■ Task requirements
Once the pictures are removed, restate the listing word for word.

■ Collected material
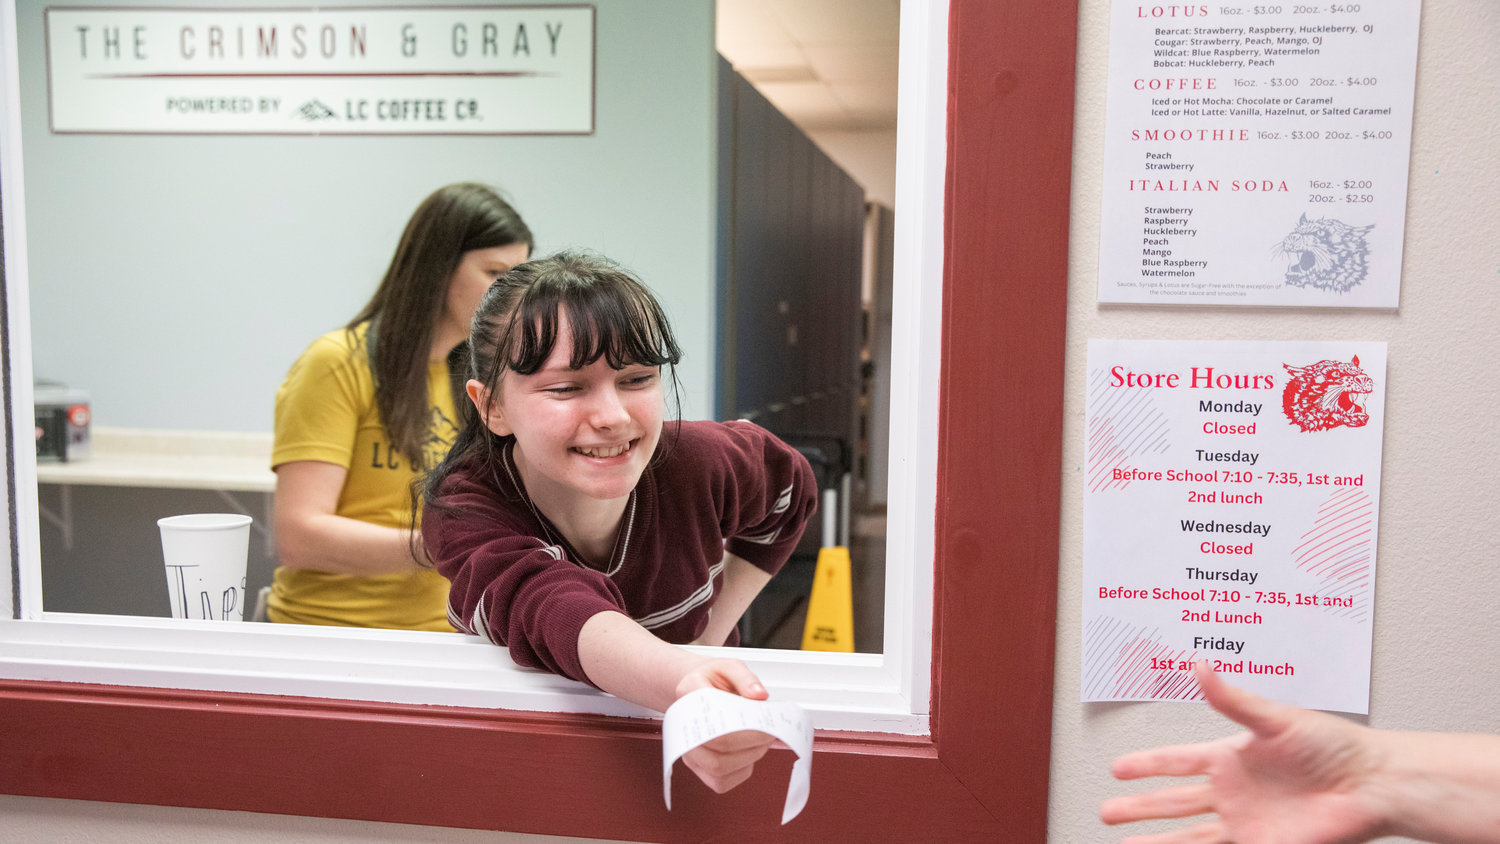 Receipts are handed out with smiles at W.F. West High School during a ribbon cutting ceremony on Wednesday for a new student store "The Crimson & Gray," powered by Lewis County Coffee Co. in Chehalis.
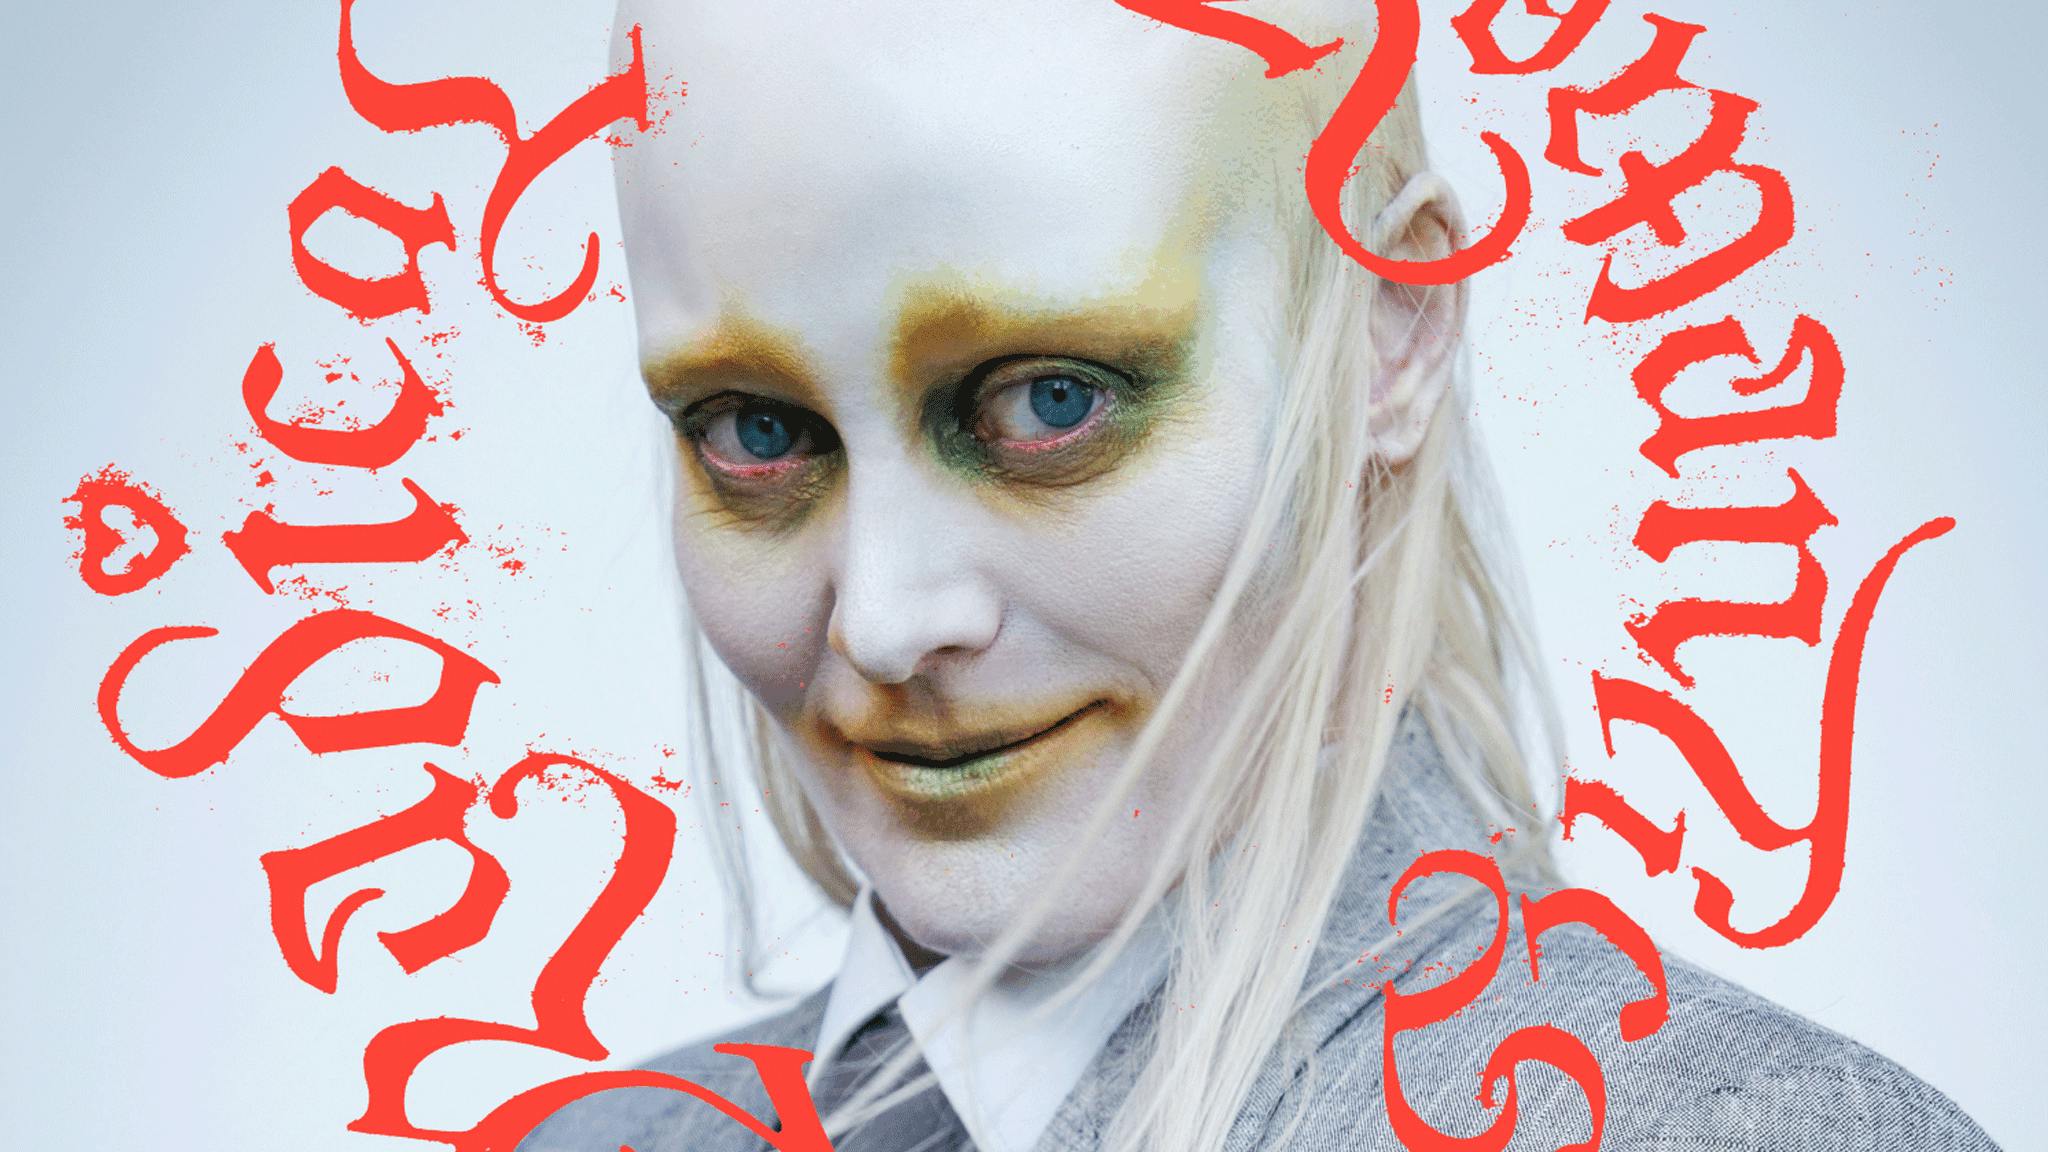 Hear two new Fever Ray songs produced by Nine Inch Nails
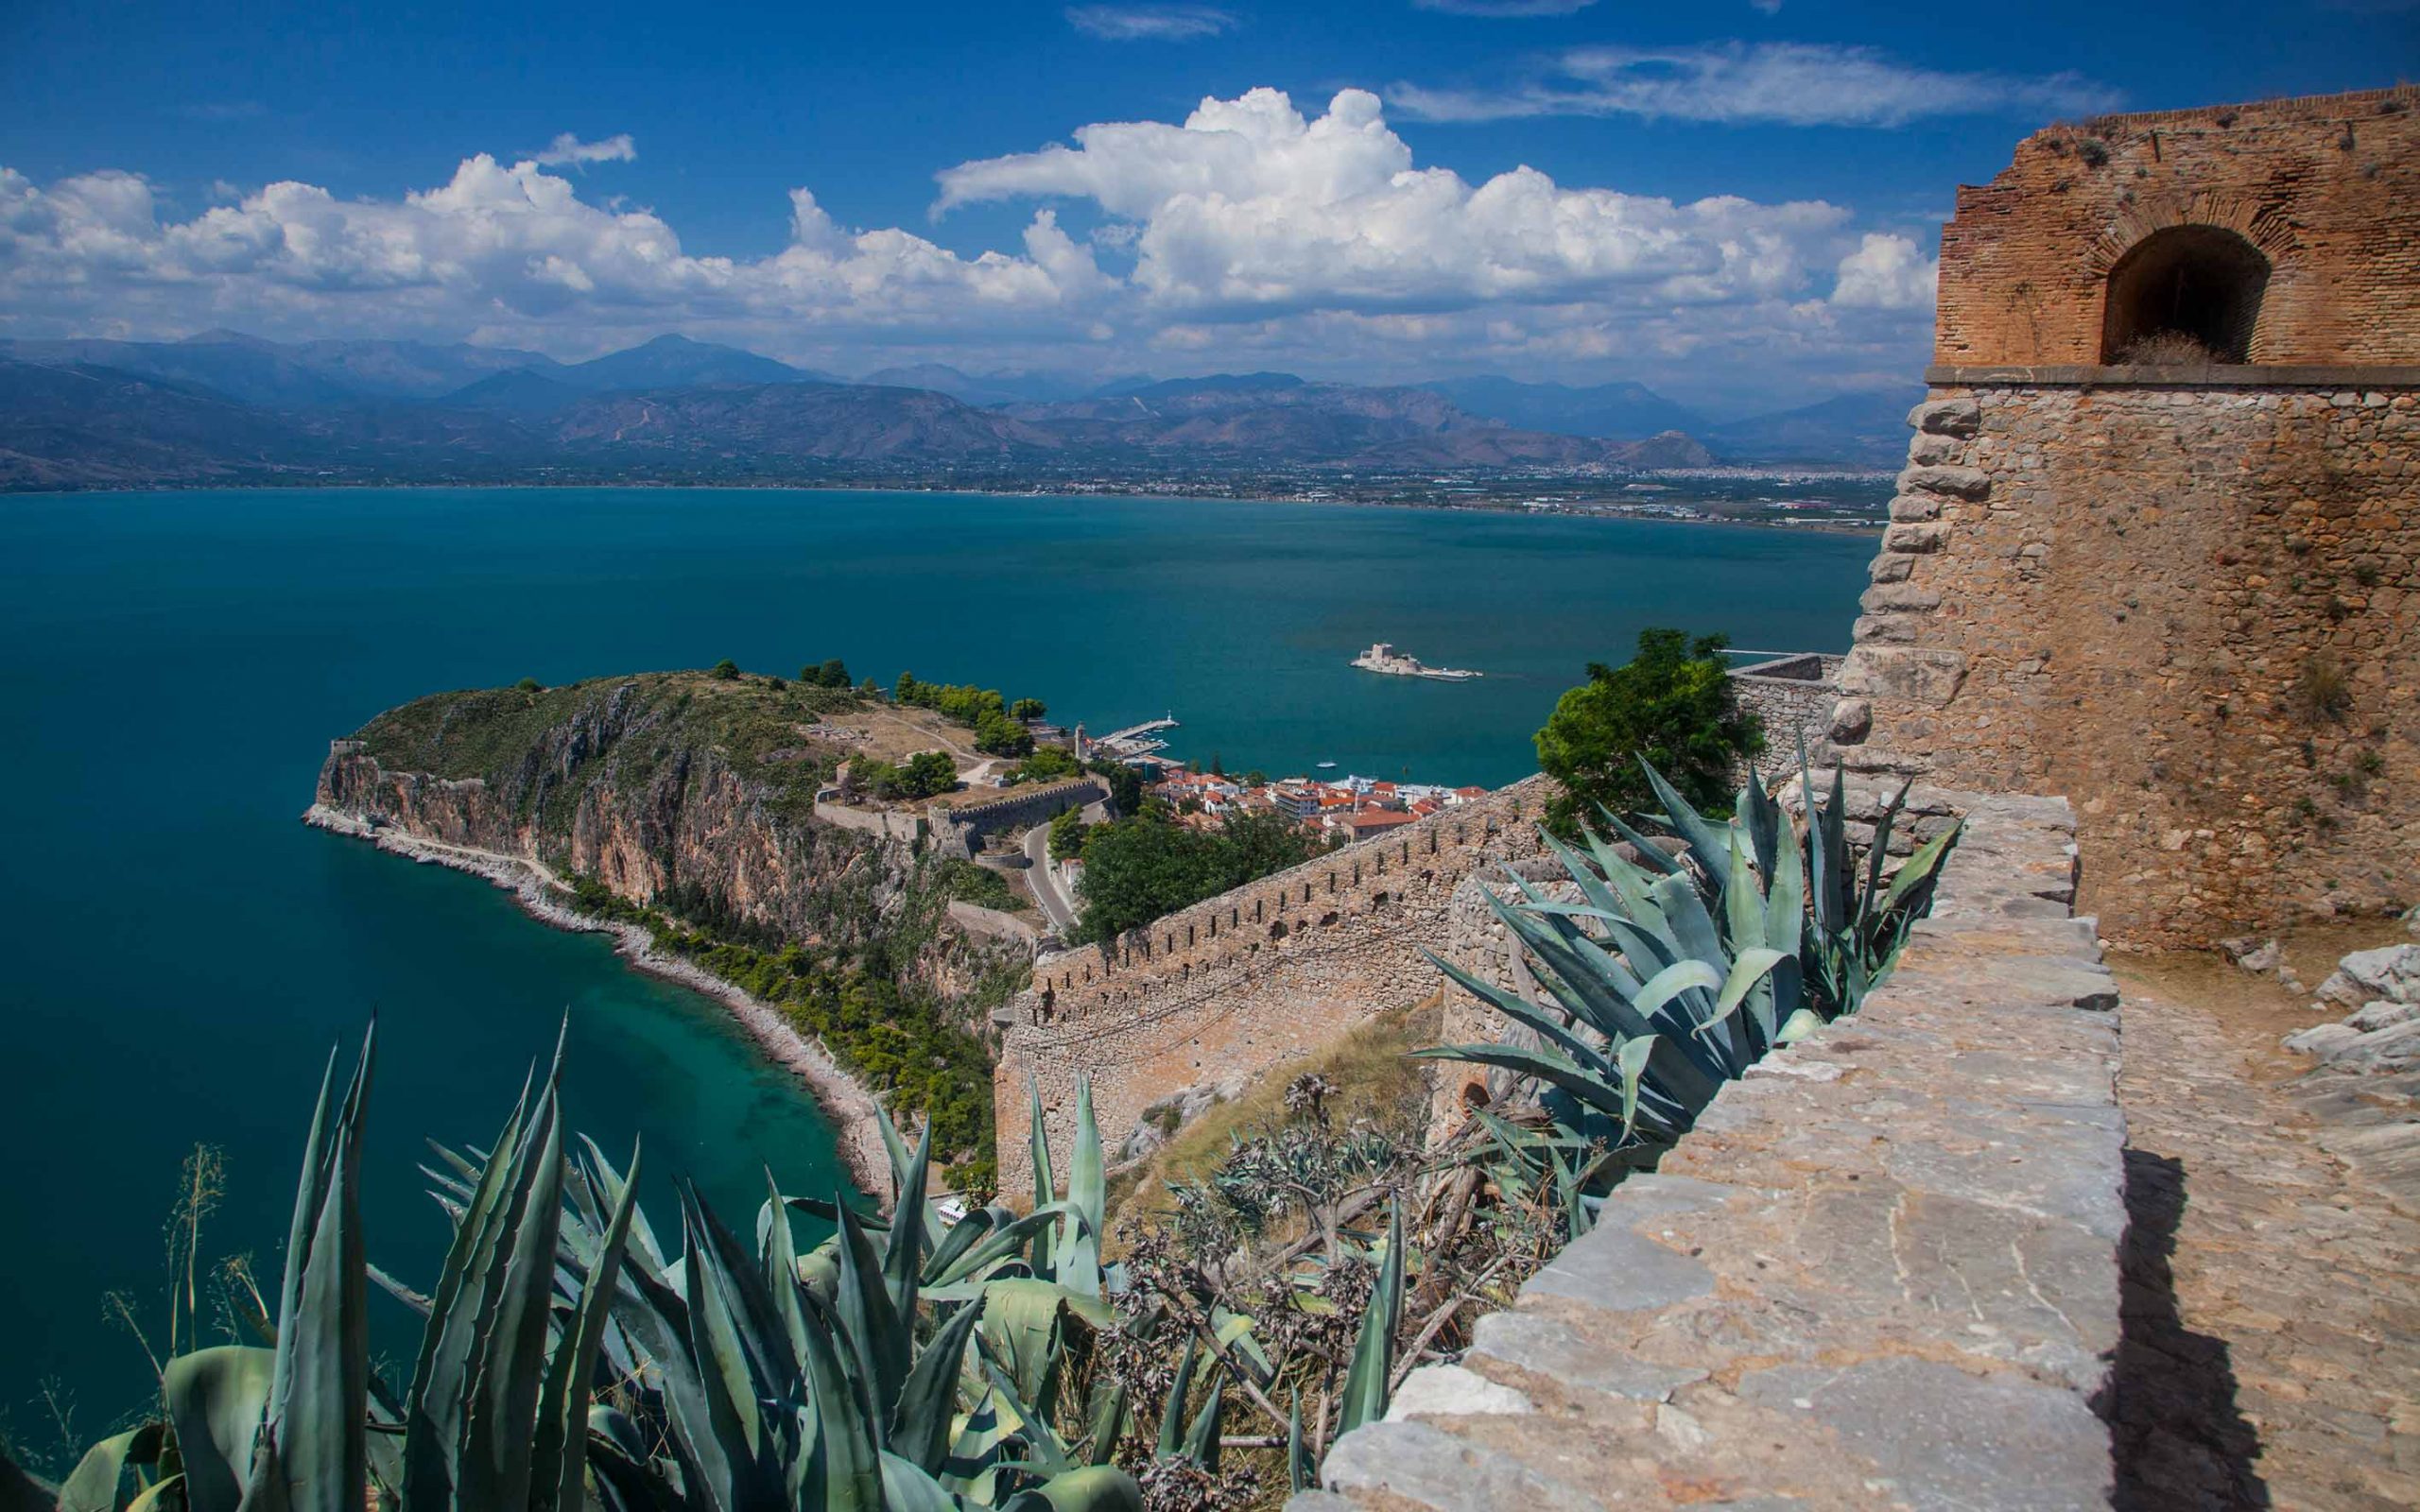 nafplio-a-perfect-blend-of-romance-history-and-nature1

■ Task answer
 Receipts are handed out with smiles at W.F. West High School during a ribbon cutting ceremony on Wednesday for a new student store "The Crimson & Gray," powered by Lewis County Coffee Co. in Chehalis.
 Hear two new Fever Ray songs produced by Nine Inch Nails
 nafplio-a-perfect-blend-of-romance-history-and-nature1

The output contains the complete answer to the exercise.